Well, wanted to look at numbers seeing if it was “correct”, and how often that was the case. Rather than just trying an arbitrary set of descriptors and going “hmm, I guess that’s slightly better?”. Mainly cuz each new analysis pipeline still takes me ages to set up, so I can’t easily pivot between radically different sets of descriptors/stats to compare a plotting.
So in your case here, if the inputs are stats of the raw descriptors and the outputs are that plus the stats of the derivatives, that might be very hard for the neural network to learn to predict.
In this case they be completely different descriptors/stats. What I’m thinking, at the moment, is running a fresh PCA/UMAP on each pool of descriptors. So it may be that the dimensions may have no overlap whatsoever between the two ends. In addition the longer analysis may include more initial dimensions too.
So the short window may have mean of loudness, std of MFCC3, pitch confidence (,etc…) and the long window may have mean of deriv of peak, time centroid, skewness of pitch(, etc…).
The problem is that as soon as you try to put in other sounds, the neural network will give poor predictions.
My original original idea was to just have a classifier rather than a regressor such that I would have an accurate analysis of the input sound, and then “some kind of idea” of what the rest of the sound may be based on the nearest match in the pre-analyzed corpus.

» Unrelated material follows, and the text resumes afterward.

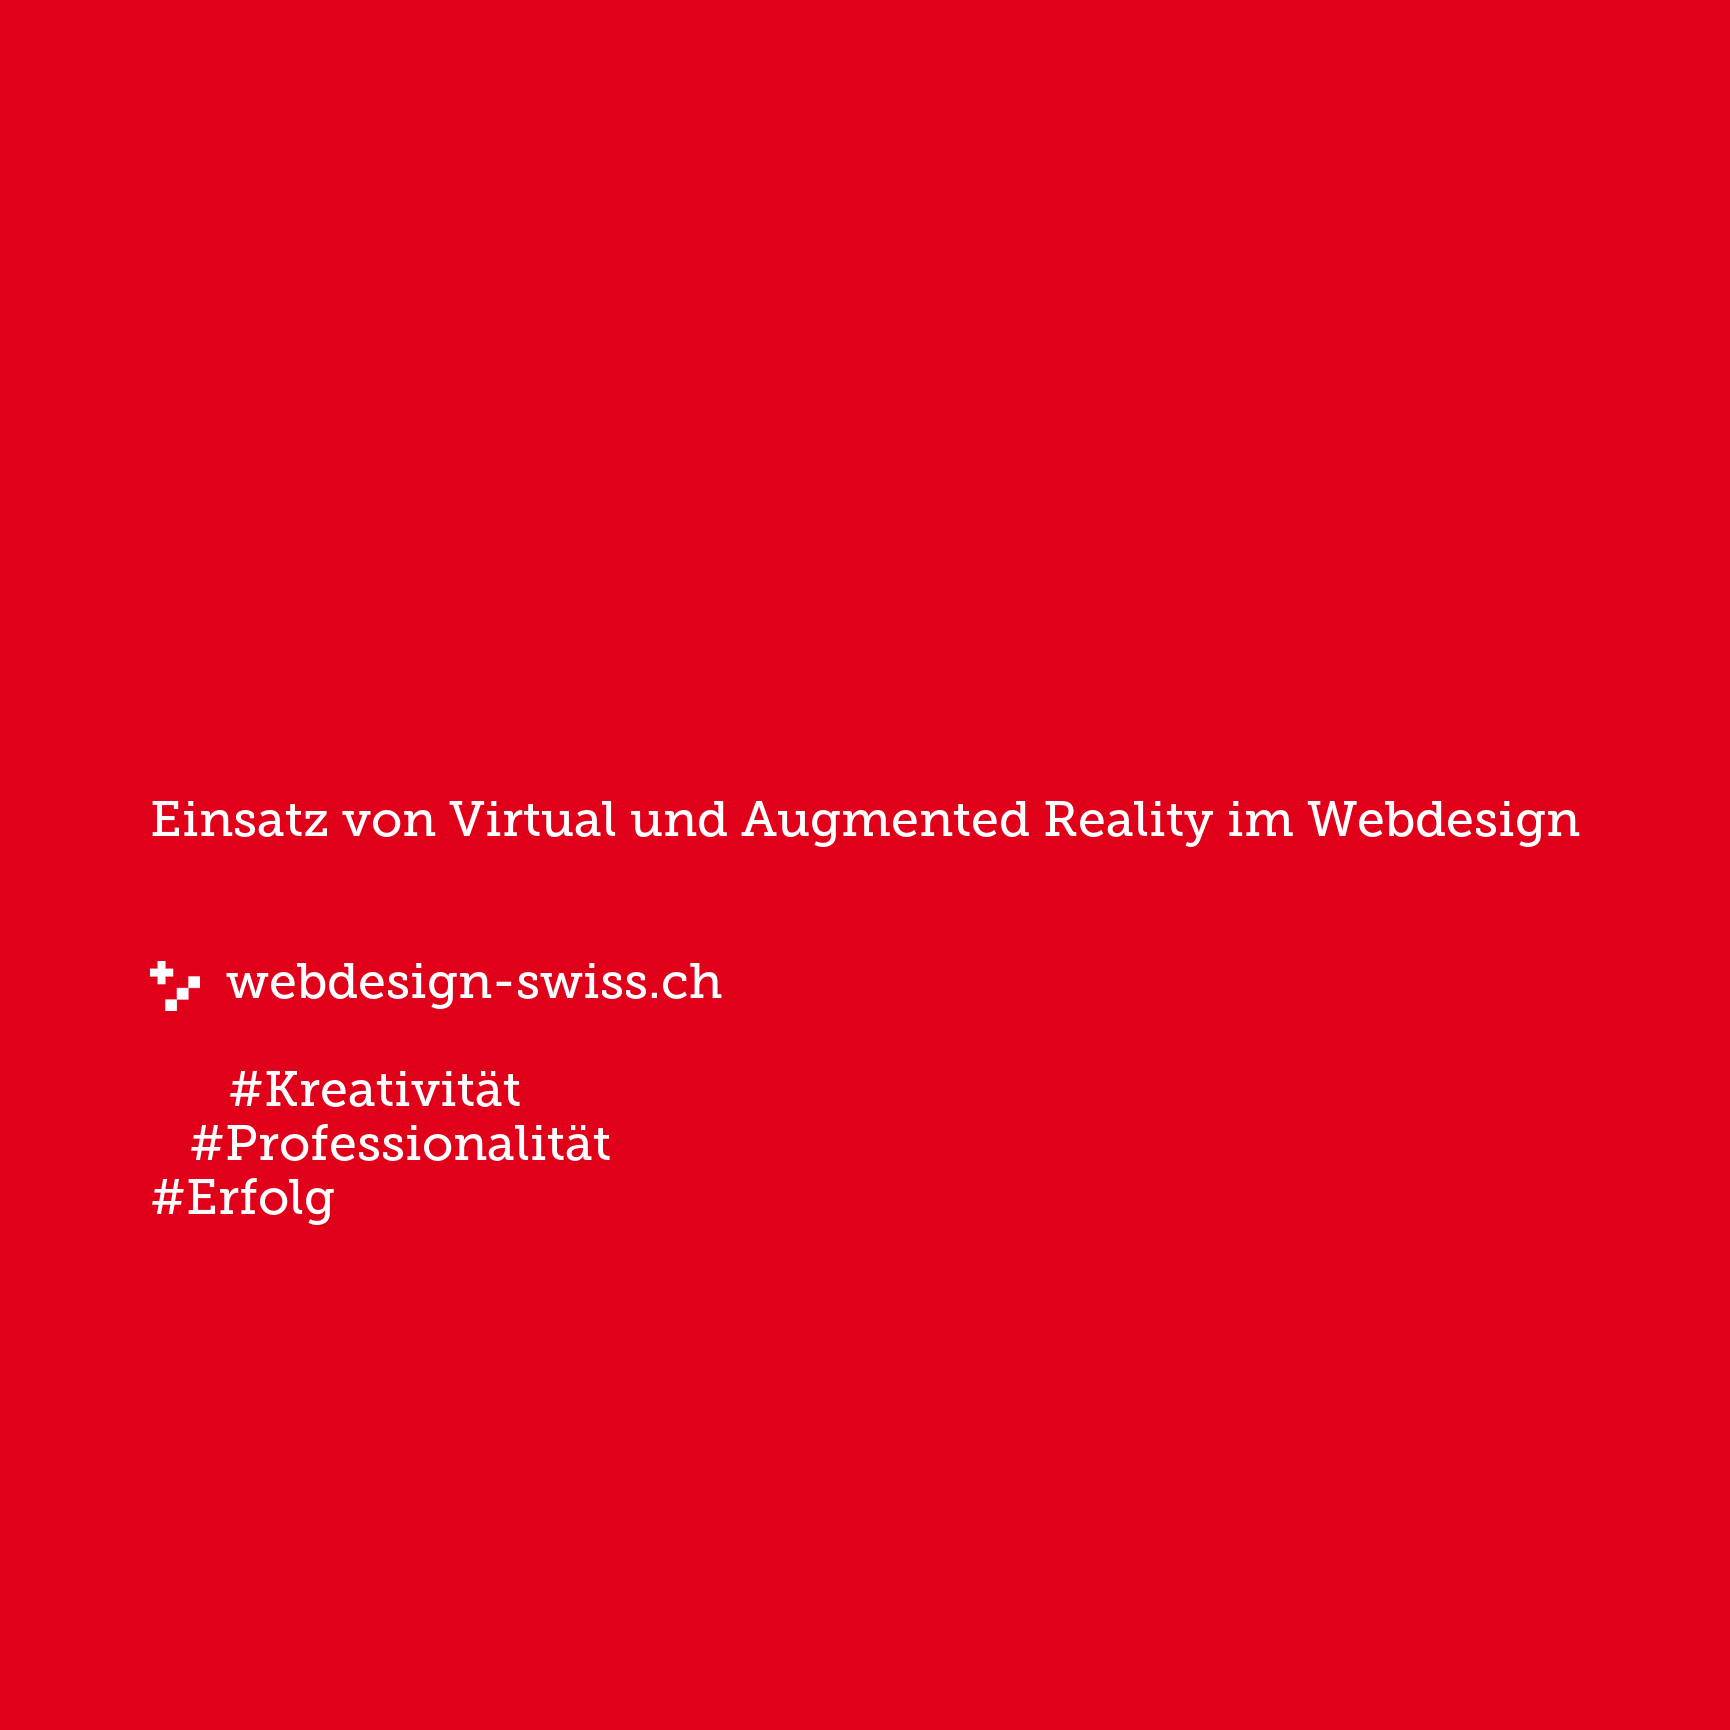 Einsatz von Virtual und Augmented Reality im Webdesign
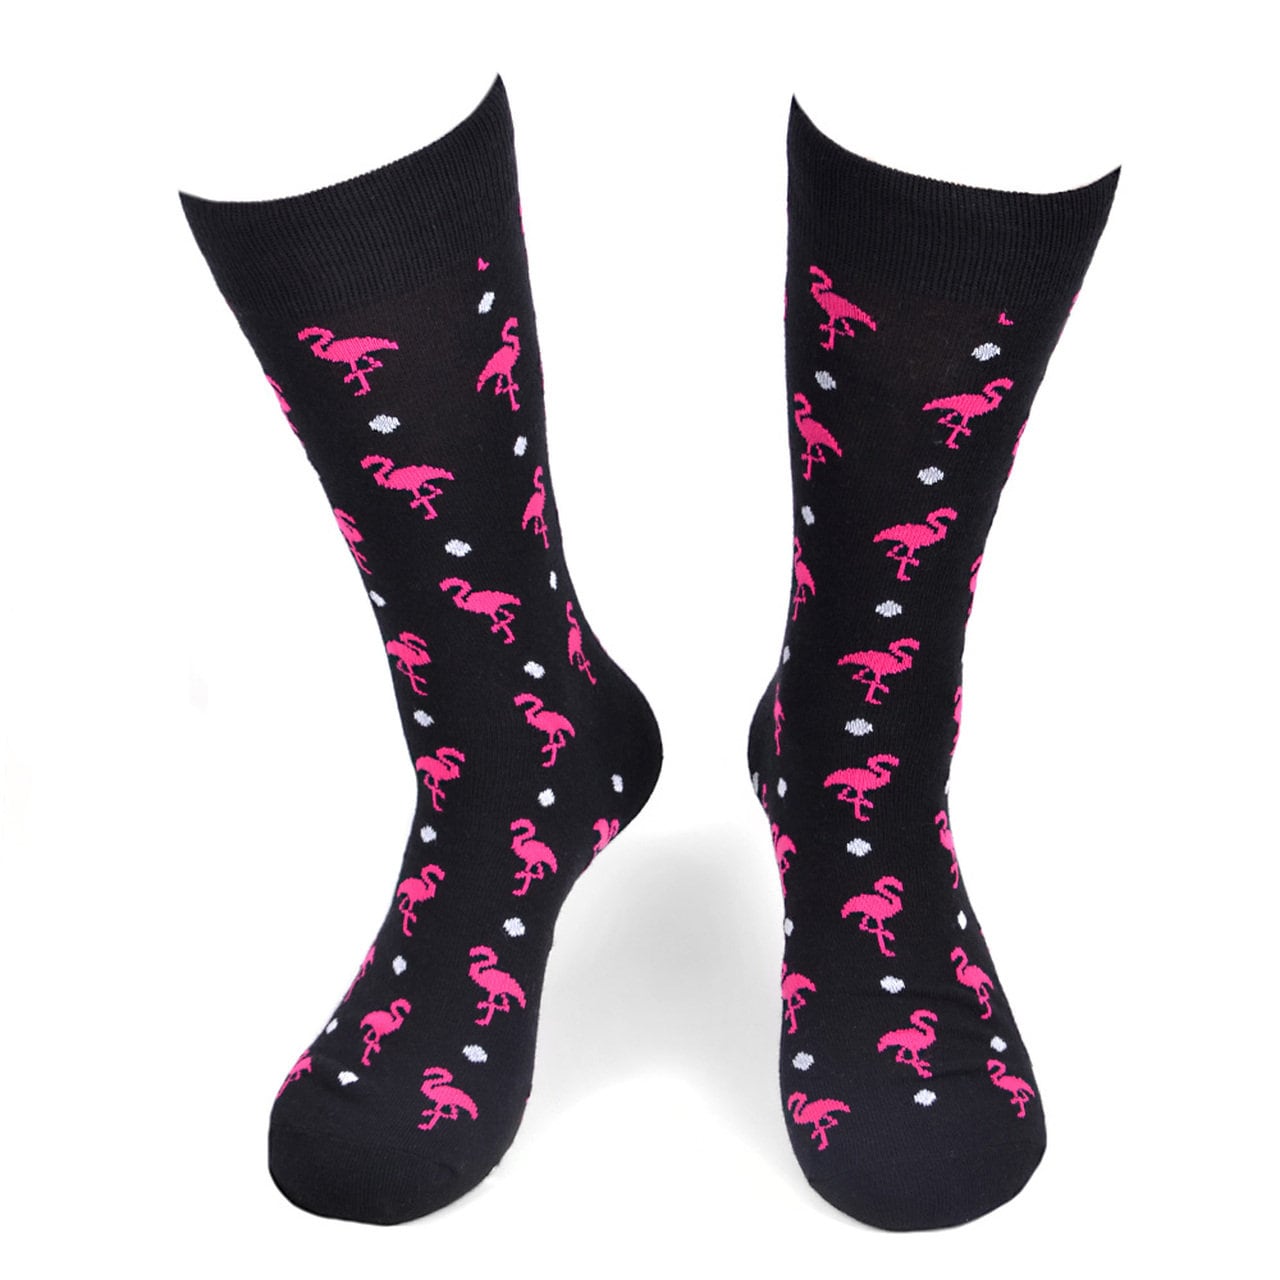 Fun Men's Flamingos Novelty Socks Black With - Etsy

If you have the longer analysis window, no need to include the short analysis window! (Since you were trying to predict the longer one anyway!?) However, what could be useful is to use the two in coordination as in, the attack portion and a longer portion as you mention above.
The whole reason for this is that I want to do it in realtime, and don’t have 100ms to wait around for the the longer analysis window. So the goal is to take a meager 256 sample analysis, and get some better info out of it than I can presently.